Tuesday, May 23, 2023

Ephesians | Session 18 | 4:8-10

In our study today from Ephesians 4:8-10, we take a closer look at a passage that is oftentimes misunderstood. We are reminded that context is key to the true interpretation of any passage of Scripture.
Captivity Captive
Verse 8: Wherefore he saith, When he ascended up on high, he led captivity captive, and gave gifts unto men.  Paul now quotes from Psalms 68:18. Remember that the context is the gifts that he just spoke of in the previous verses. As such, whatever he is quoting is to make his point about said gifts. 

The context of the psalm is in the future when when Christ will reign after taking back what belongs to him. The phrase led captivity captive in these verses speak of him triumphing over his enemies by the resurrection from the dead (Ephesians 1:18-22). Paul is drawing from the Roman Triumph which was a celebration of the success of a military commander. On the day of his triumph, the successful general would wear a crown of laurel and an all-purple, gold-embroidered triumphal toga picta ("painted" toga), regalia that identified him as near-divine or near-kingly. In some accounts, his face was painted red, perhaps in imitation of Rome's highest and most powerful god, Jupiter. The general rode in a four-horse chariot through the streets of Rome in unarmed procession with his army, captives, and the spoils of his war and at Jupiter's temple on the Capitoline Hill, he offered sacrifice and the tokens of his victory to the god Jupiter. The order of the procession would be the captive leaders, their allies, and soldiers (and sometimes their families) usually walking in chains; some were destined for execution or slavery. All this was done to the accompaniment of music, clouds of incense, and the strewing of flowers. This is most likely what Paul was talking about in 2 Corinthians 2:14-16. 

Others have pointed out that Paul did not quote the passage precisely. The Psalmist actually said thou hast received gifts for men while Paul said and gave gifts unto men. So one says received while the other gave. He could be saying that what Christ received, he was now giving, i.e., grace gifts (verse 7, 11). Again, the point and the context is gifts. 
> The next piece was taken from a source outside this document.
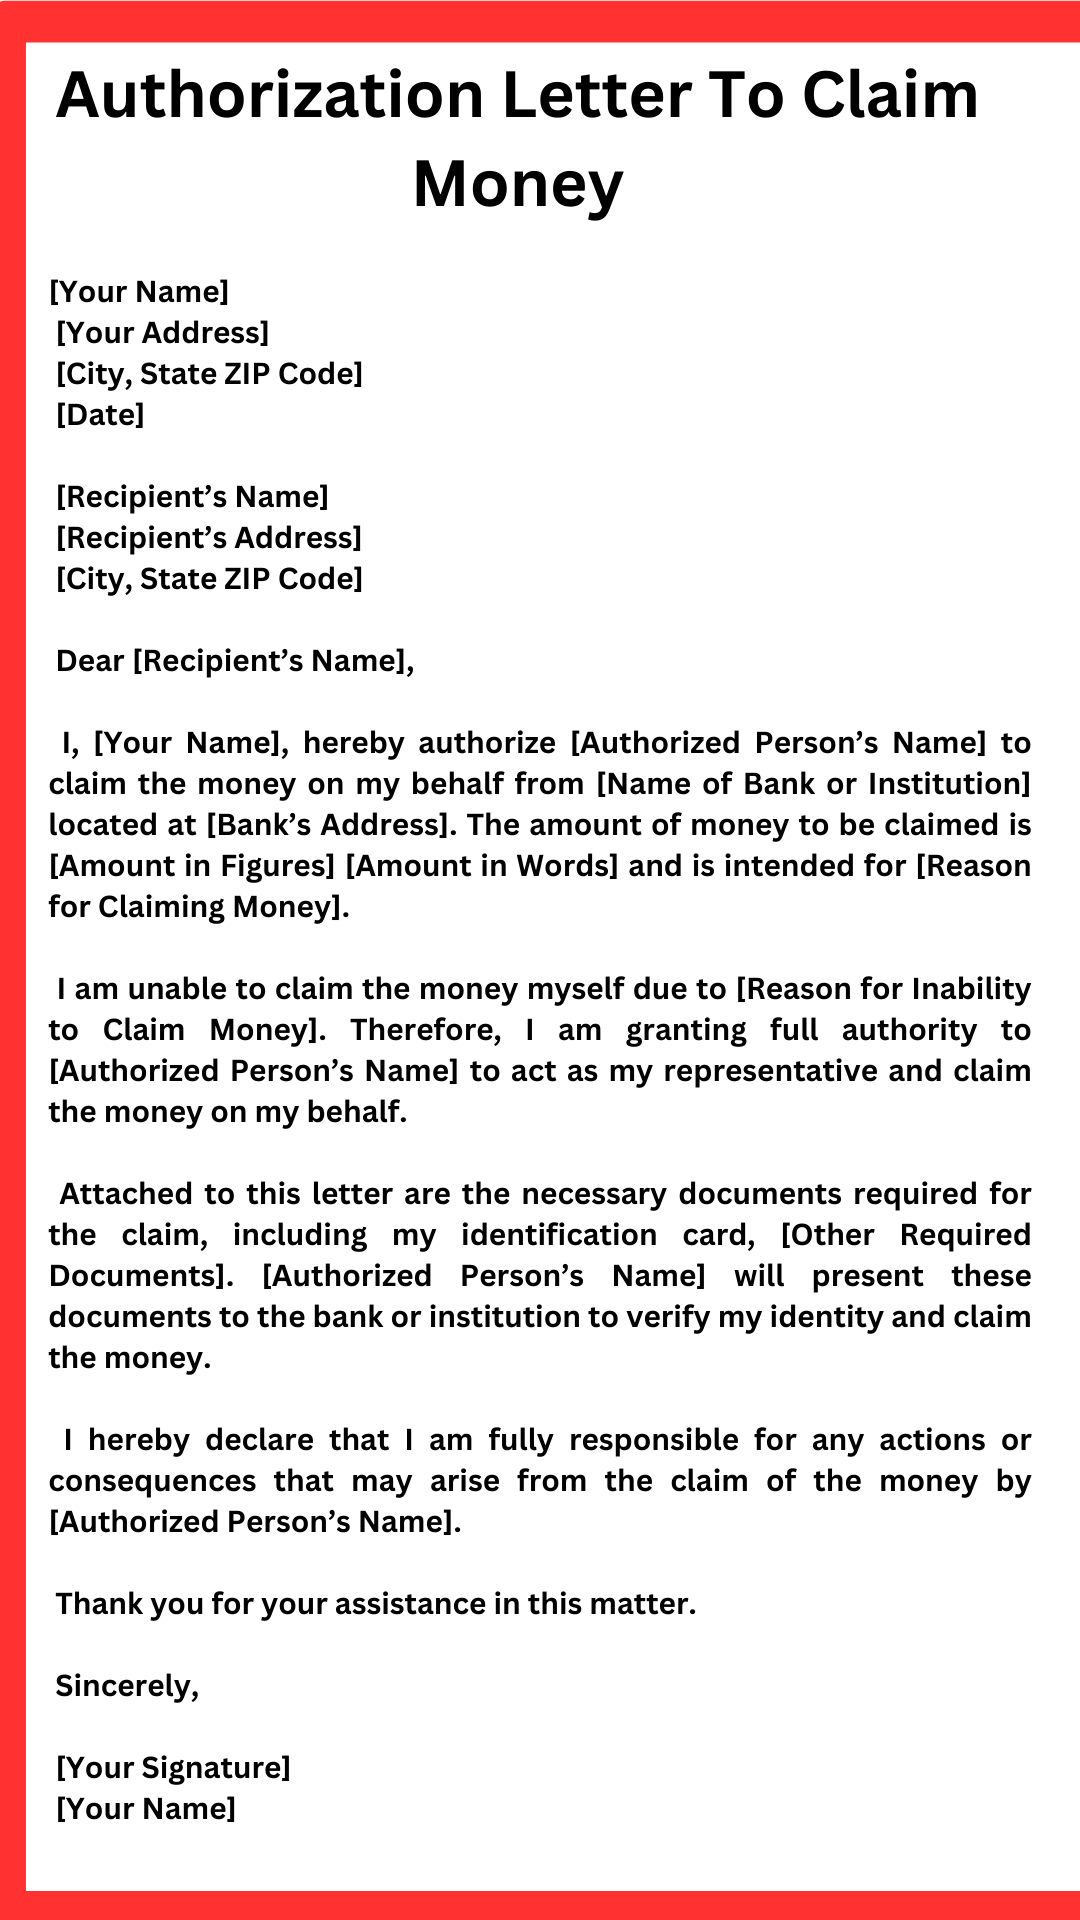 Authorization Letter To Claim Money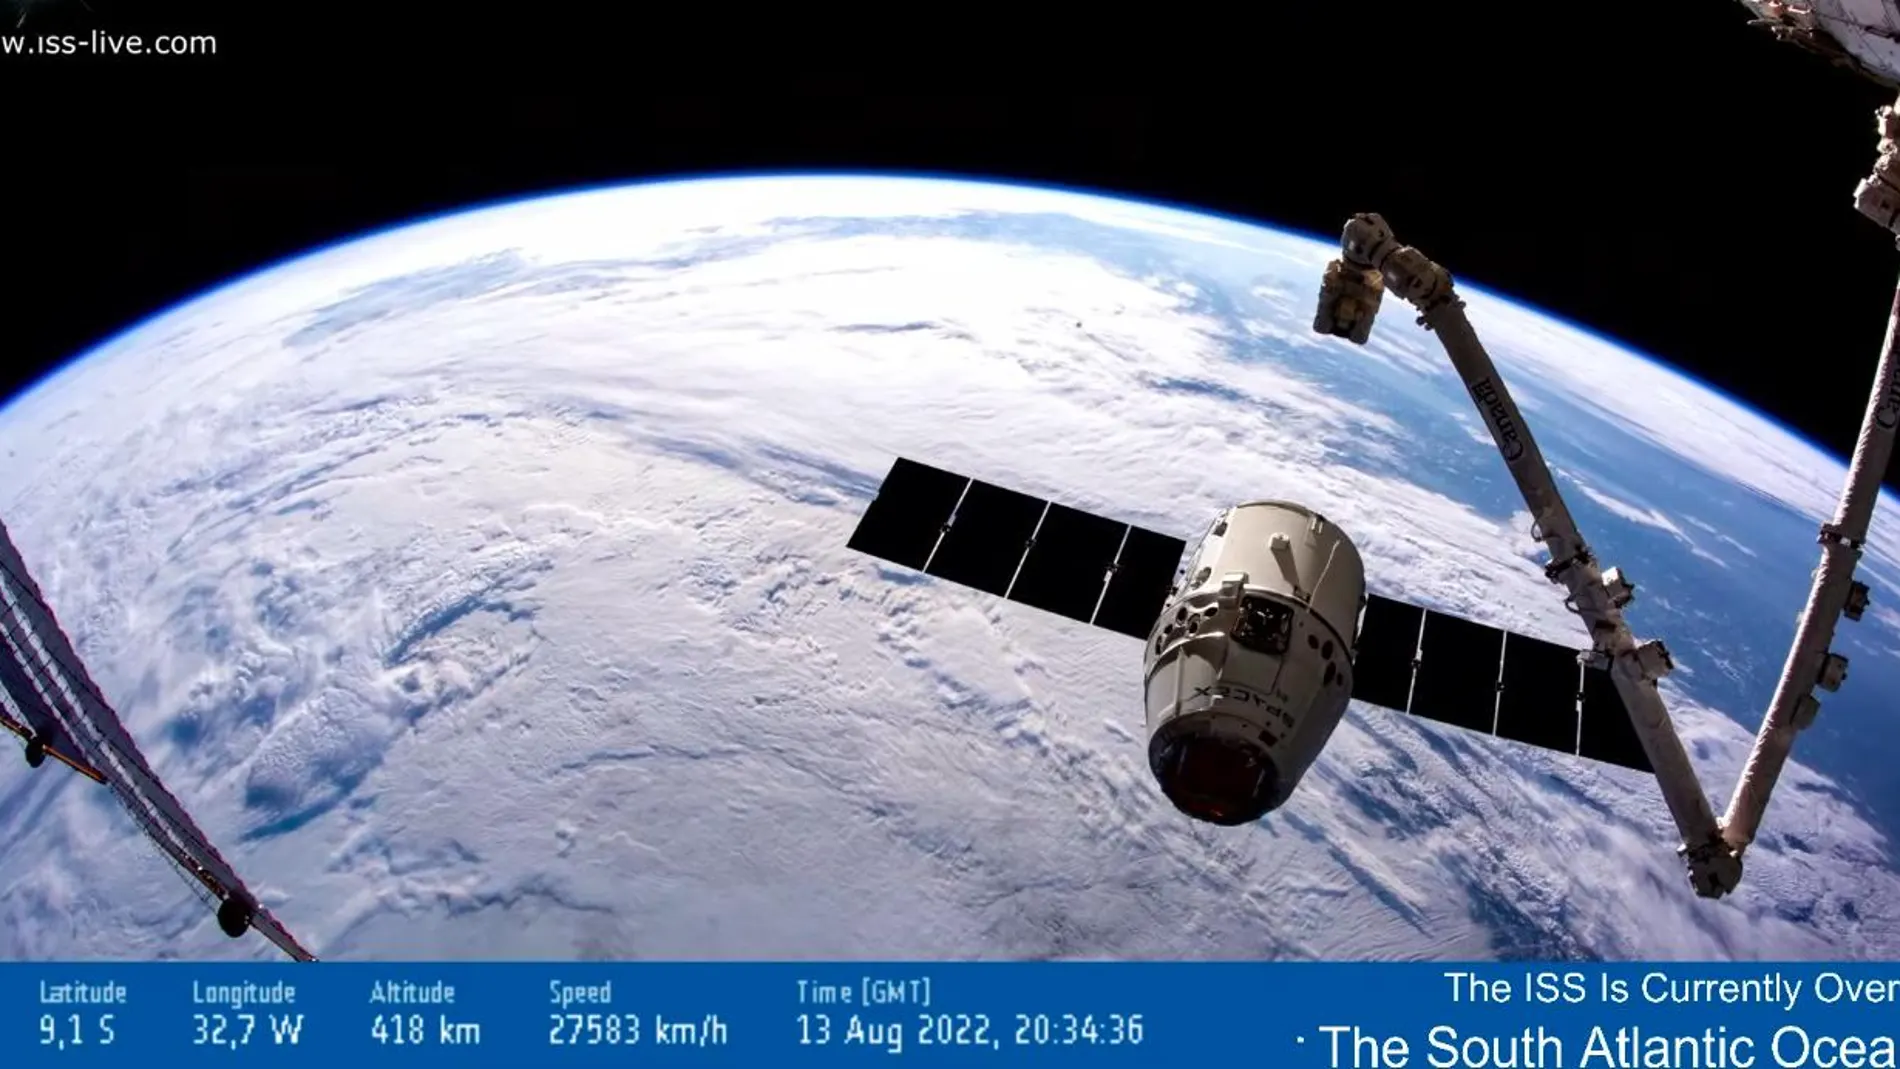 Para viajar a 27.000 km/h a bordo de la ISS solo basta "subirse" a esta web.

Now, for years, I have taught that those captives being referred to were those who were in paradise who had died before the resurrection. Not so sure about that view now. He seems to be referring to his enemies instead. 

Lower Parts of the Earth
Verses 9-10: (Now that he ascended, what is it but that he also descended first into the lower parts of the earth? He that descended is the same also that ascended up far above all heavens, that he might fill all things.)  It must be noted that these verses are parenthetical. That means that verse 8 runs directly into verse 11. This verse simply speaks of Christ's death, burial, and resurrection. Unlike what the apostles creed says, Jesus did not descend into Hell, but Sheol; the place of the dead (Luke 16:19-31). Hell is where men go after the judgment, the Lake of Fire, and that has not happened yet, therefore, it was empty then and it is empty now. The first to be thrown into hell will be the Antichrist and the False Prophet (Revelation 19:20) and then the devil himself (Revelation 20:10).